Centro investors may walk away | Fraser Coast News | Local News in Fraser Coast

Centro investors may walk away

INVESTORS behind the proposed second stage of Hervey Bay's Centro complex are set to ditch the $100m expansion project after years of trying to get approvals.

For more than five years Centro Hervey Bay has been trying to get major development plans through the council.

Alistair Brightman

INVESTORS behind the proposed second stage of Hervey Bay’s Centro complex are set to walk away from the $100 million expansion project after more than five years of frustration trying to get approvals.

While initial development applications for improvements were lodged in 2004, Leda Group, the investors and owners of Centro, claim the council has continued to put obstacle after obstacle in front of them.

In the latest block to the proposal it’s believed the council has asked Leda to pay a $1.1 million public art levy, build a $1 million mobility corridor and contribute $1 million to roads.

The council is also asking Leda to give up its land and build a road on its site. In essence it means that the new approval conditions will cost Leda an extra $3 million on top of what it is already paying the council.

The situation has got to the point where Leda has asked Mayor Mick Kruger for a crisis meeting to try to find a way through the tangled web of red tape the council has placed and continues to place on the project.

It’s believed the Leda Group is particularly concerned about the input the council’s town planner, David King, has had in the project.

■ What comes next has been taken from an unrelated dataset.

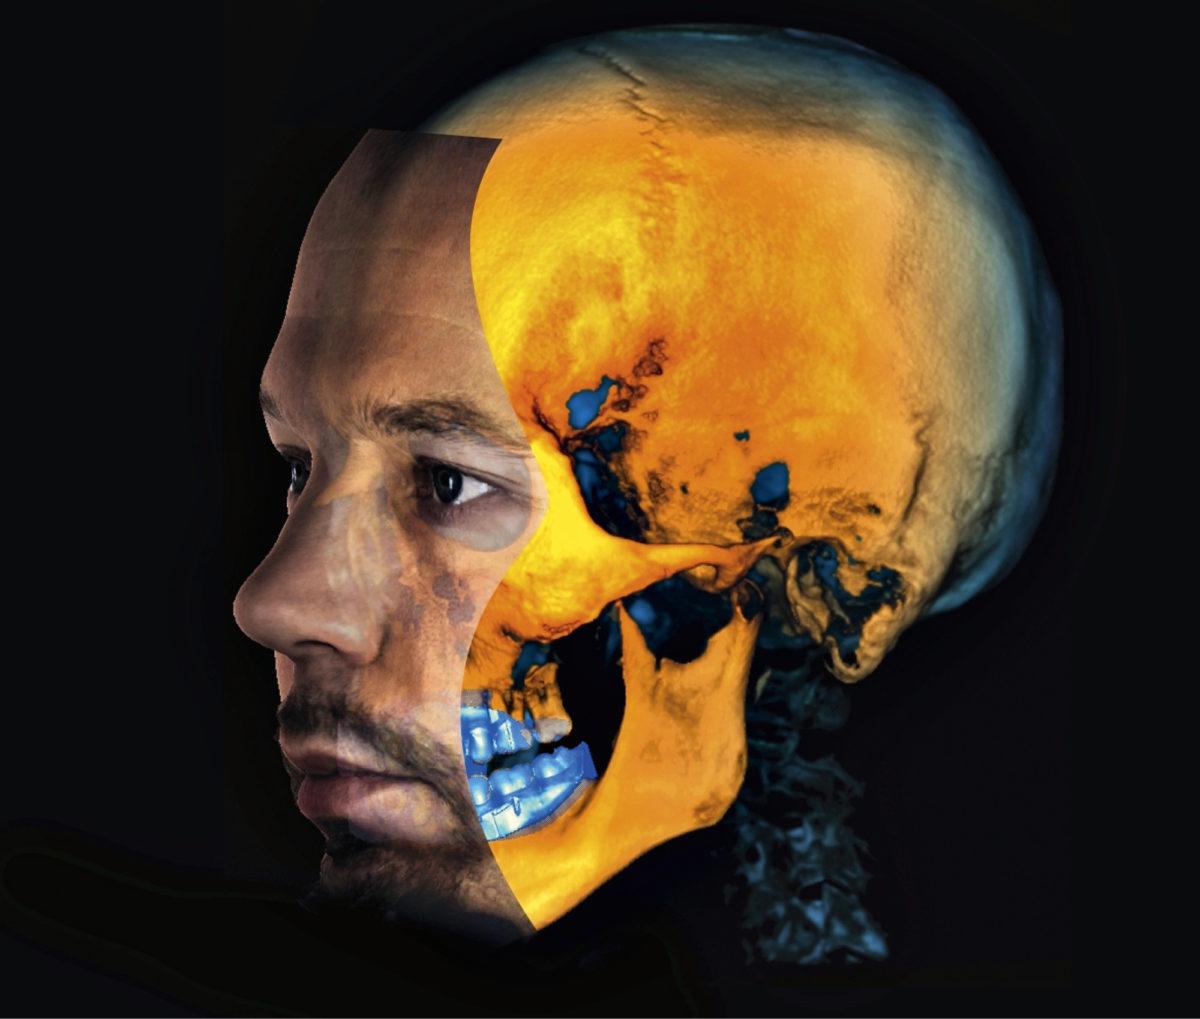 Planmecan kuvantamisjärjestelmiin kuuluvat röntgenkuvaus, laserskannaus ja kolmiulotteinen pintakudoksen valokuvaus. Yhdistelmän avulla hammaslääkäri tai kirurgi voi suunnitella toimenpiteet täsmälleen oikein.

Sources close to Leda say Mr King’s involvement has been one of the major hurdles to getting the project up and running.

Most importantly the sources say that had the council’s promises of early approval been forthcoming the second stage of Centro would have already been built and in operation.

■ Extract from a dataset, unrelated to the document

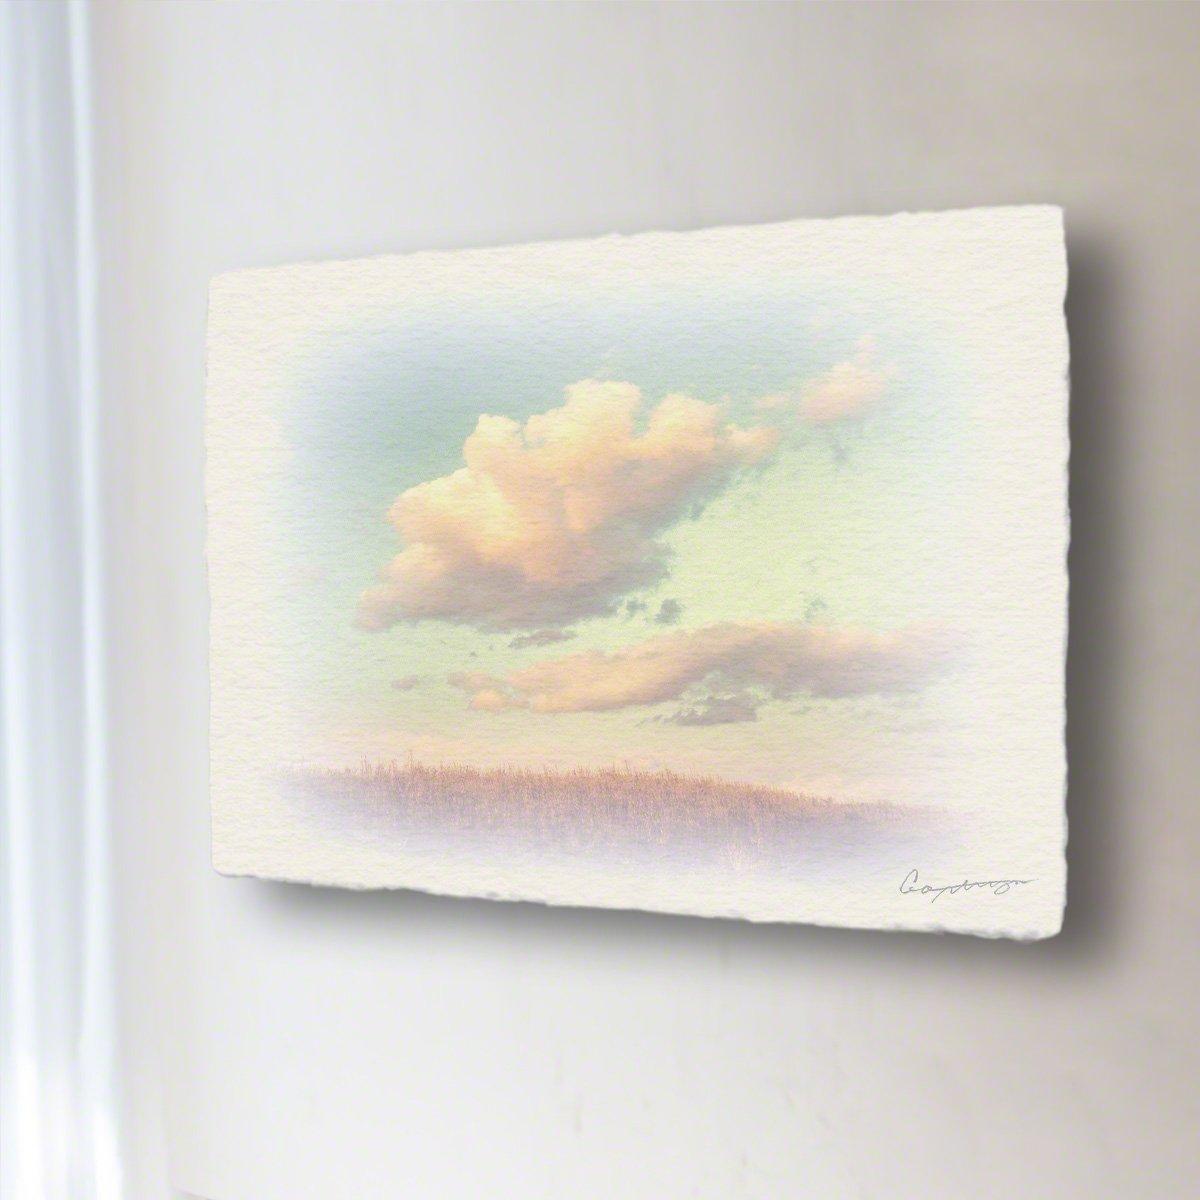 和紙 アートパネル「葺原に浮かぶ夕暮れ雲」 (40x30cm) 絵 絵画 壁掛け 壁飾り インテリア アート B07BCCZ96H 14.アートパネル(長辺45cm) 18800円|葺原に浮かぶ夕暮れ雲 葺原に浮かぶ夕暮れ雲 14.アートパネル(長辺45cm) 18800円

They now claim the Leda group has lost total confidence in the Fraser Coast Regional Council and they believe the council does not appreciate the benefits that the $100 million project will bring to the district.

These benefits, they claim, will include supplying 1000 construction jobs as well as 900 permanent and 714 multiplier effect jobs to the region.

The Chronicle’s sources say that Leda is ready to put the project on hold after labelling it as economically unviable because of the conditions currently imposed on it by the council.

The sources say that Leda is prepared to pay reasonable levies but the latest ask by the council is in “fairyland”.